_EXERCISE DIRECTIONS_
Write out the listing below exactly, and omit any images you find in it.

-- RAW DATA follows --

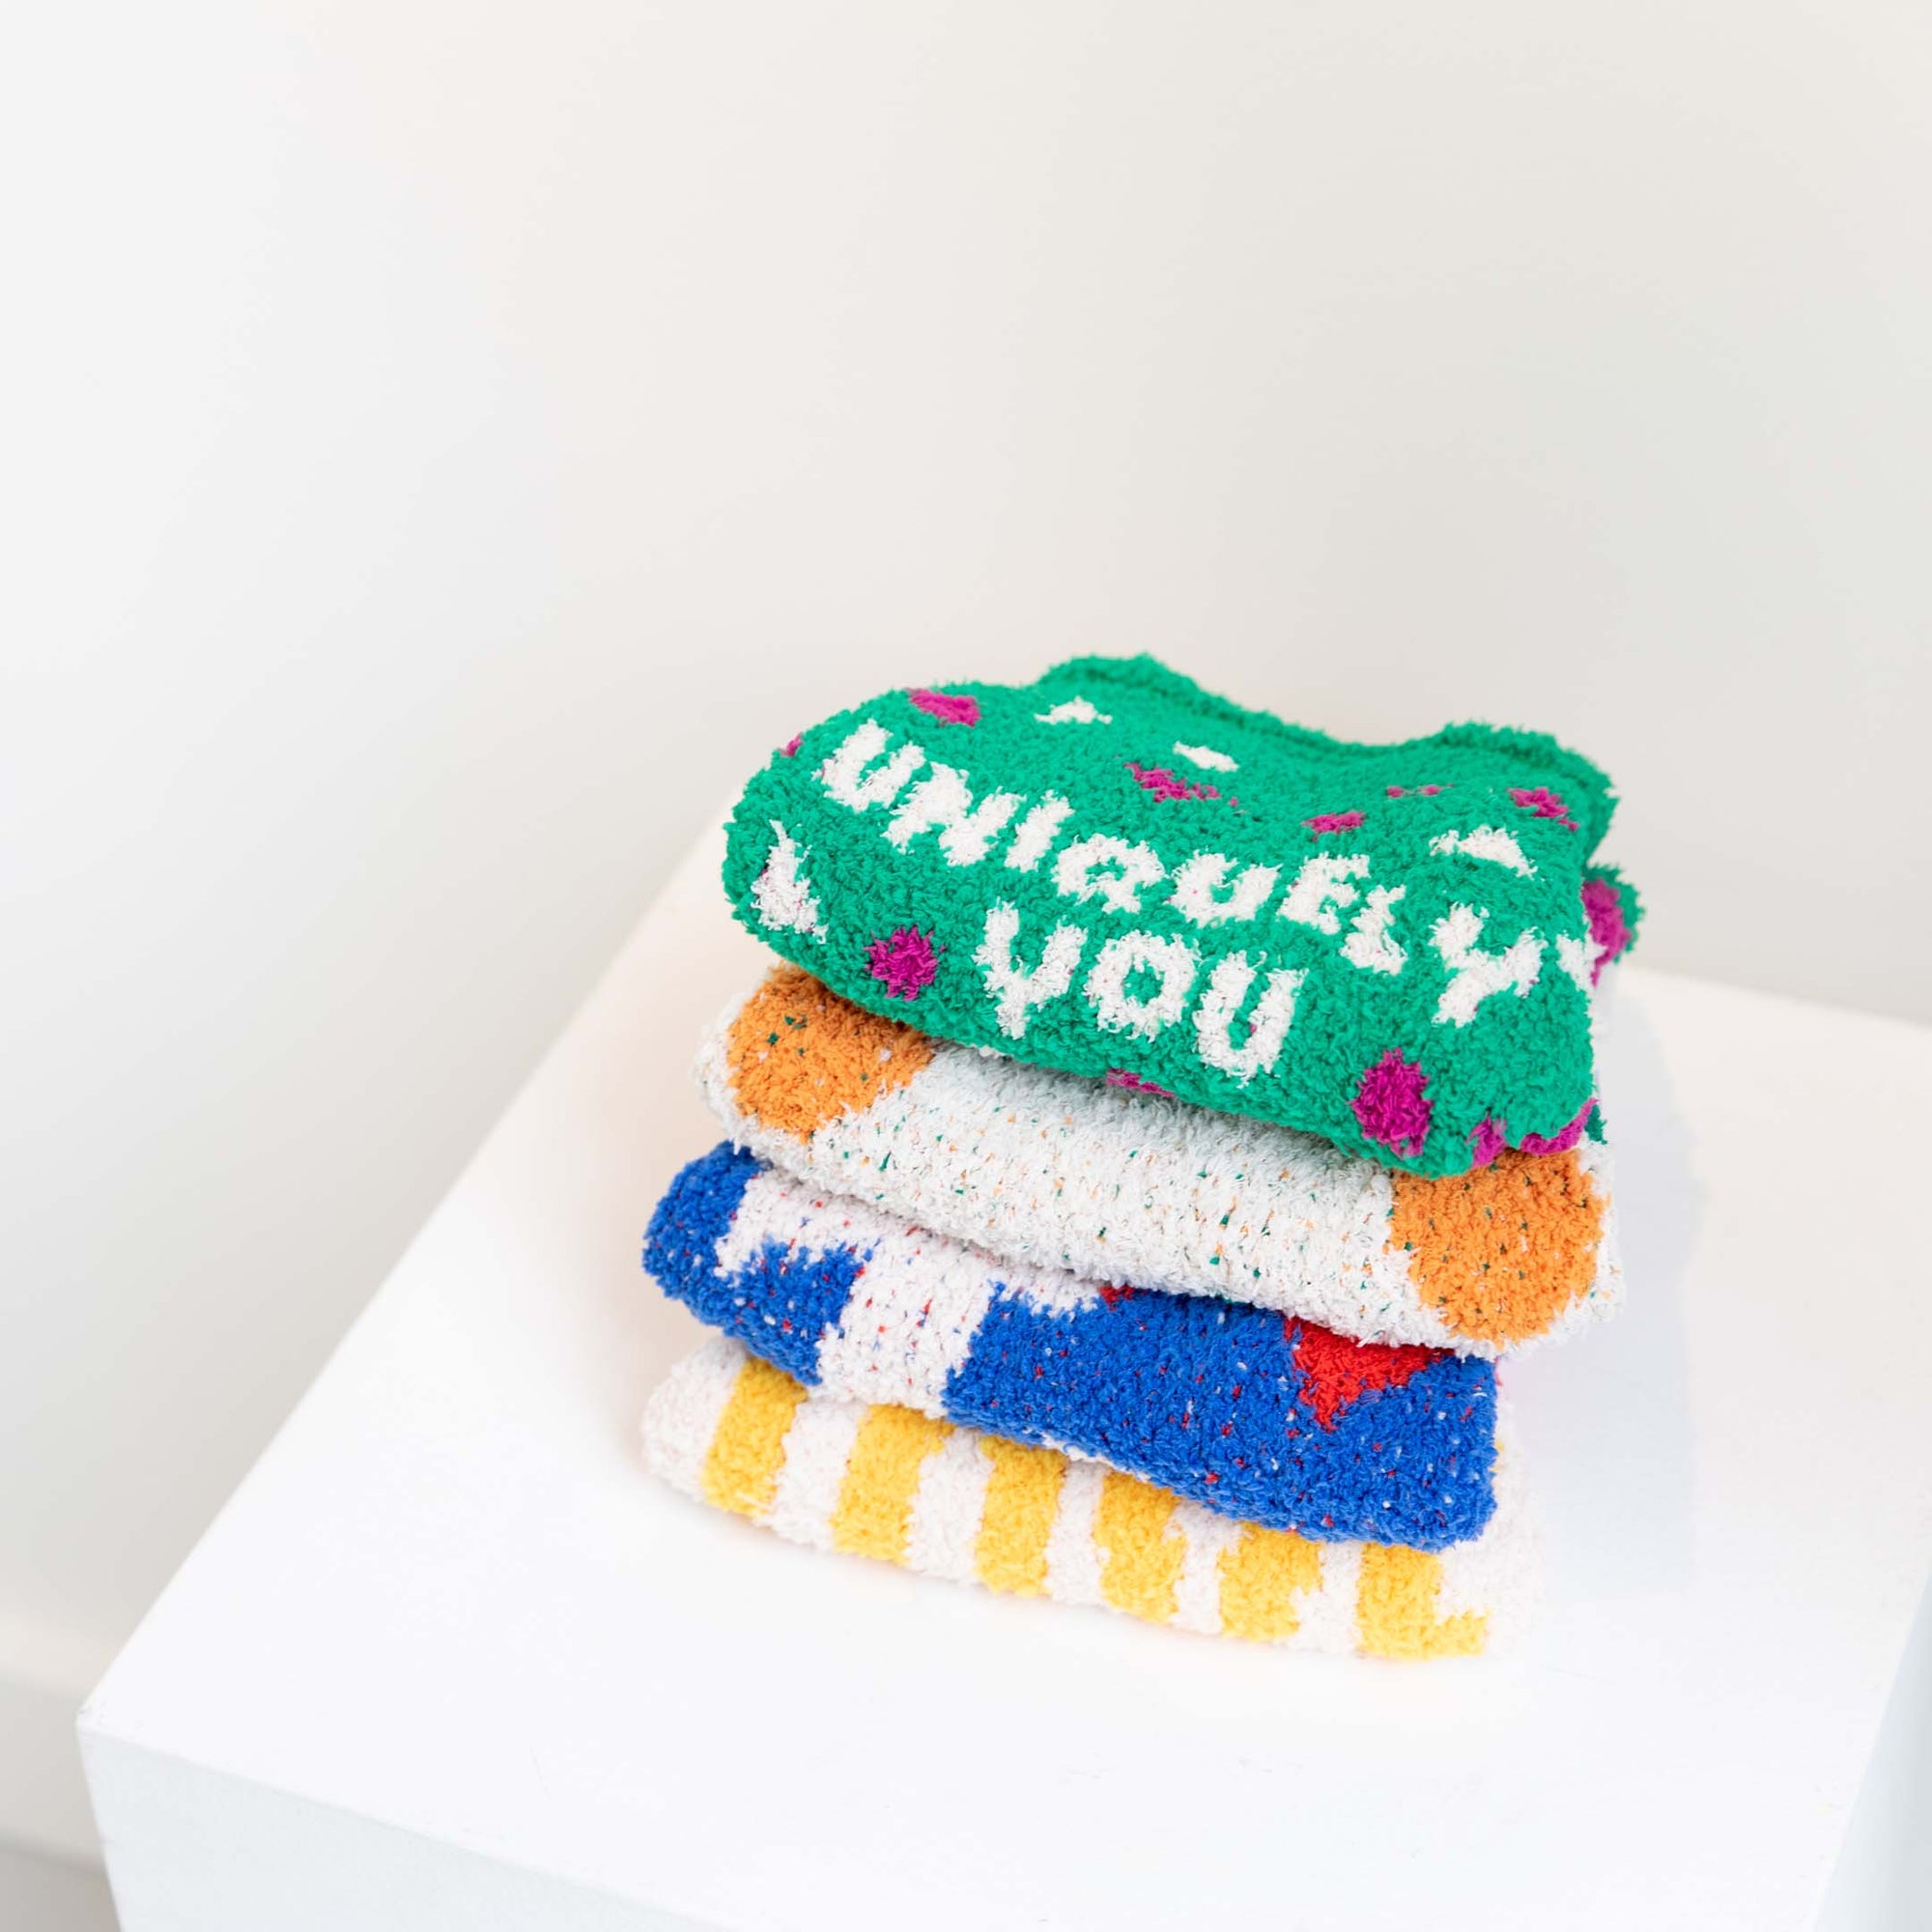 Stack of "The Furryfolks" sweaters with various designs, topped with a green "Uniquely You" sweater on a white cube.
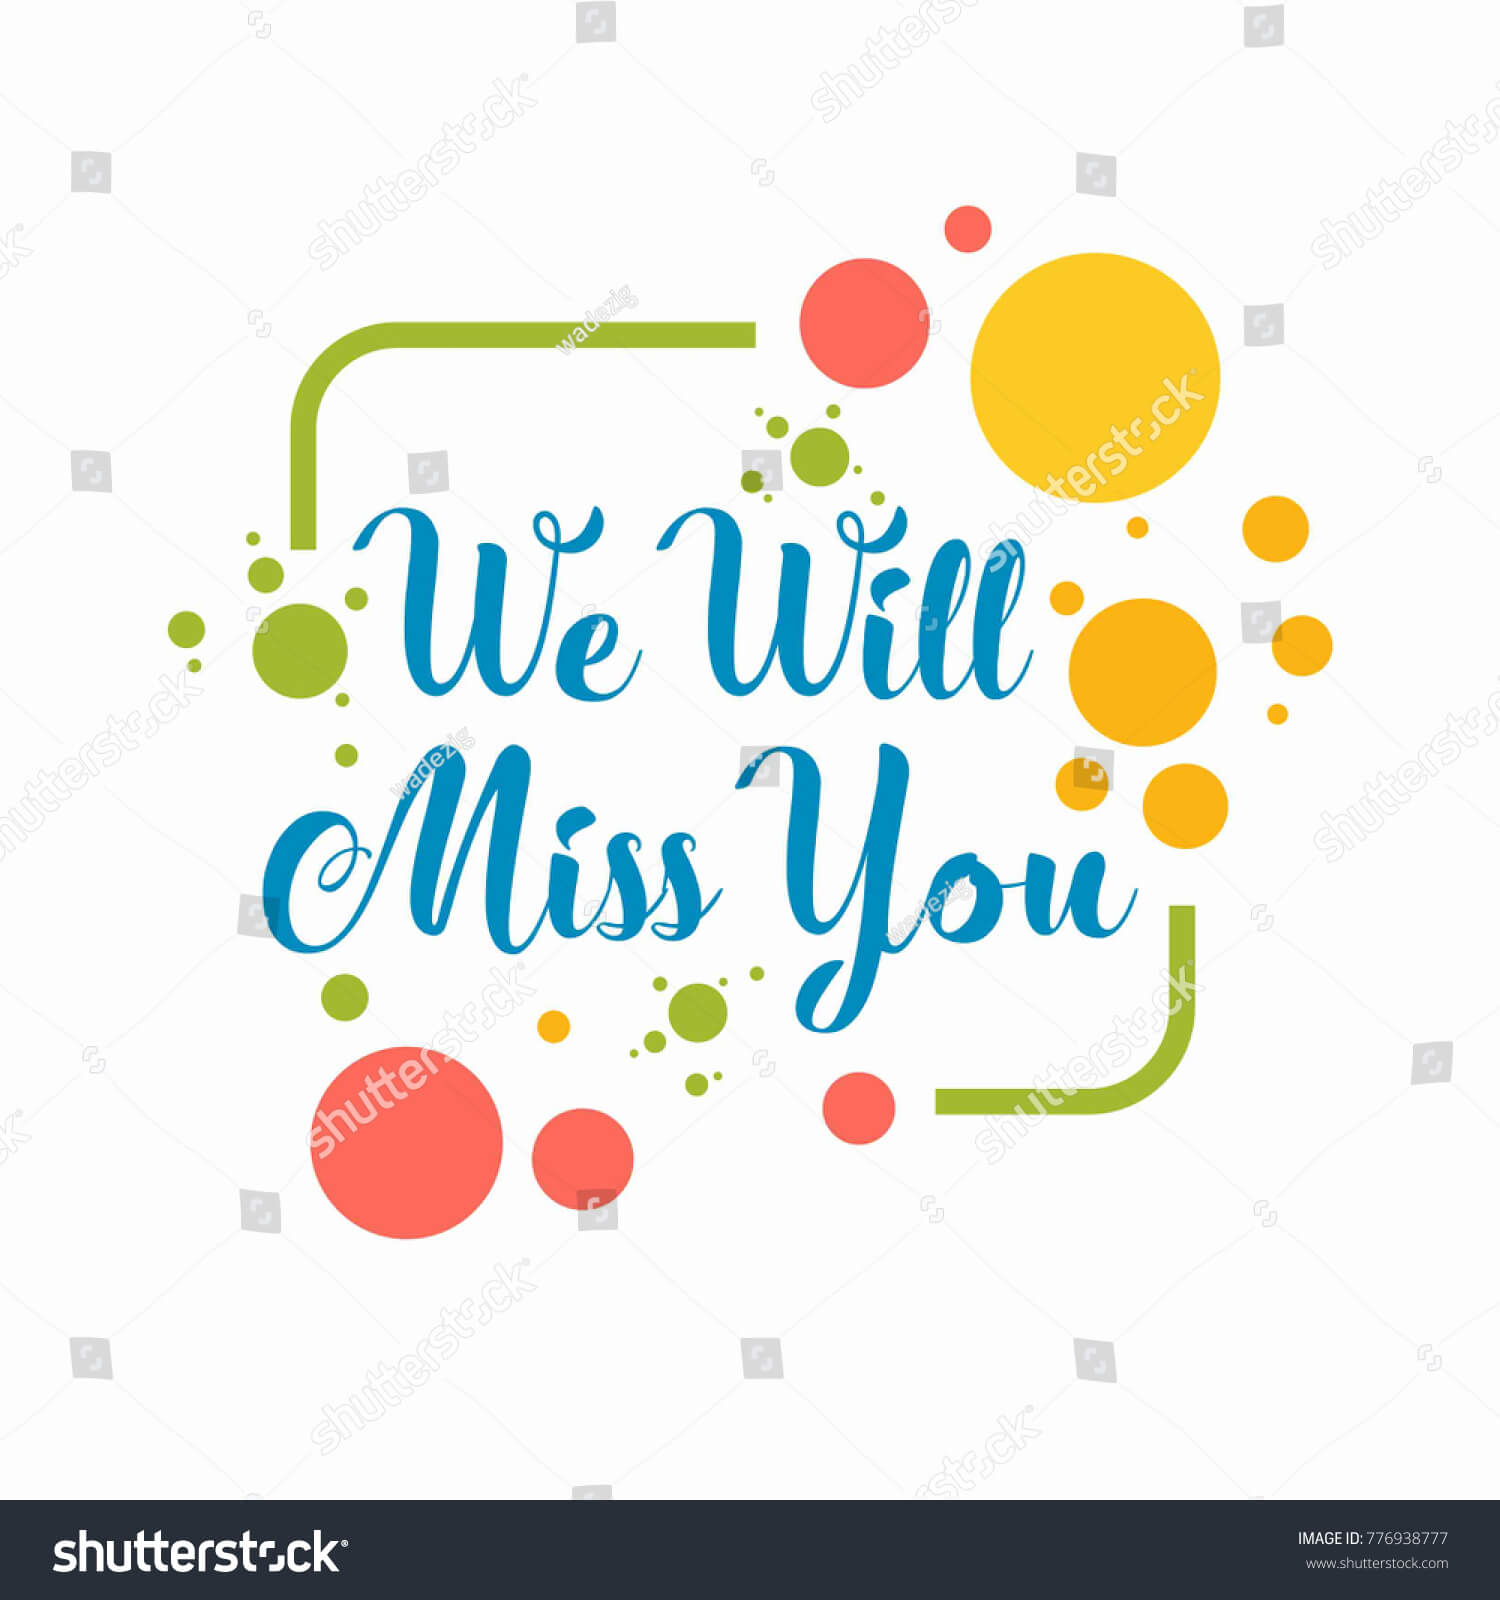 Farewell Images, Stock Photos & Vectors | Shutterstock Throughout Goodbye Card Template
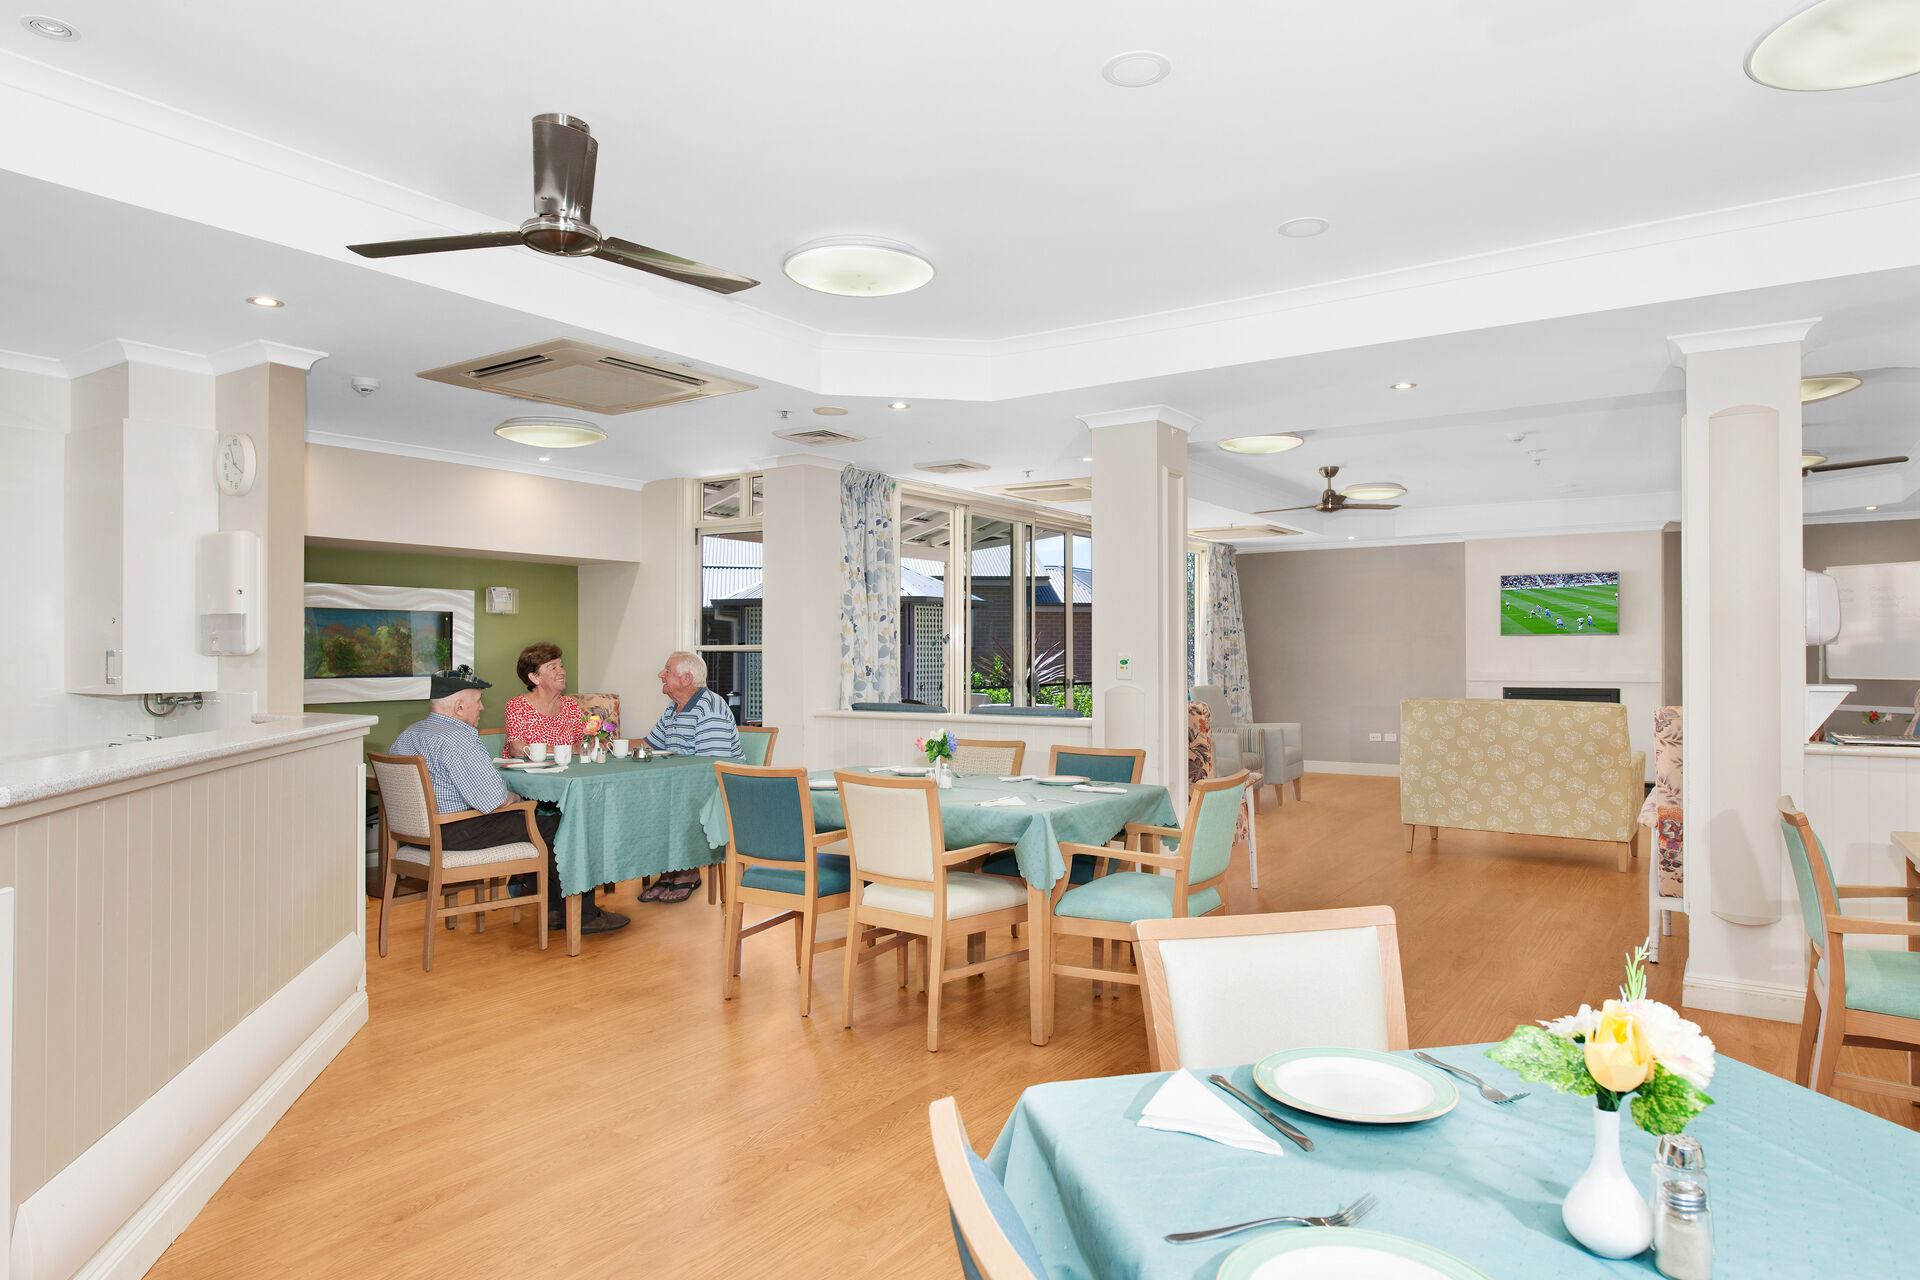 indoor spacious dining room for aged care residents of BaptistCare Kularoo centre aged care home in forster nsw
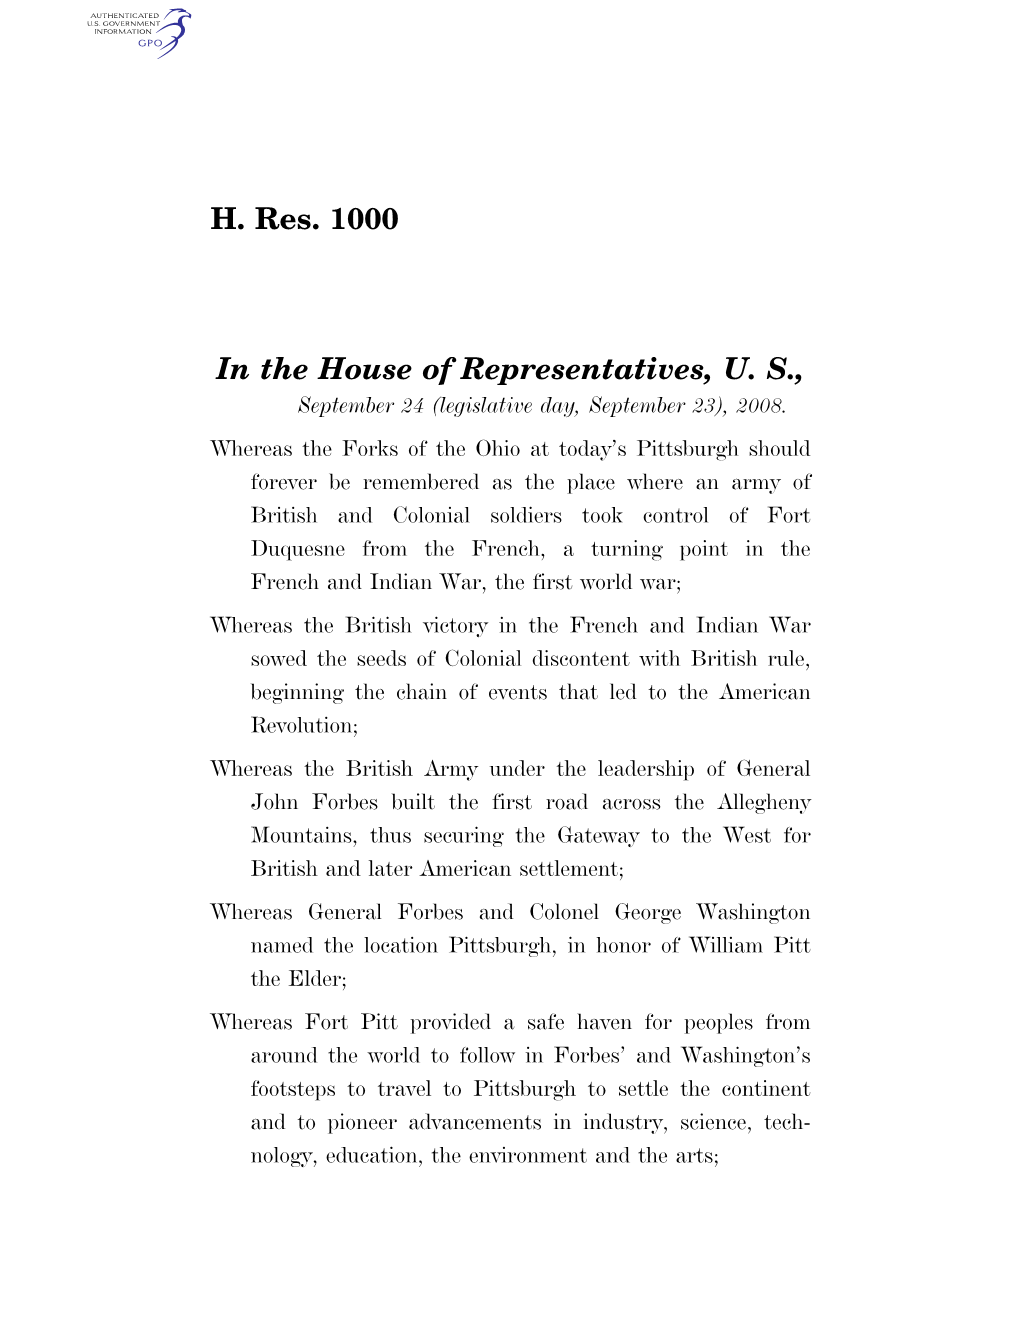 H. Res. 1000 in the House of Representatives, U

-- RAW DATA concluded --

_WRITTEN ANSWER_
 Stack of "The Furryfolks" sweaters with various designs, topped with a green "Uniquely You" sweater on a white cube.
 Farewell Images, Stock Photos & Vectors | Shutterstock Throughout Goodbye Card Template
 indoor spacious dining room for aged care residents of BaptistCare Kularoo centre aged care home in forster nsw
 H. Res. 1000 in the House of Representatives, U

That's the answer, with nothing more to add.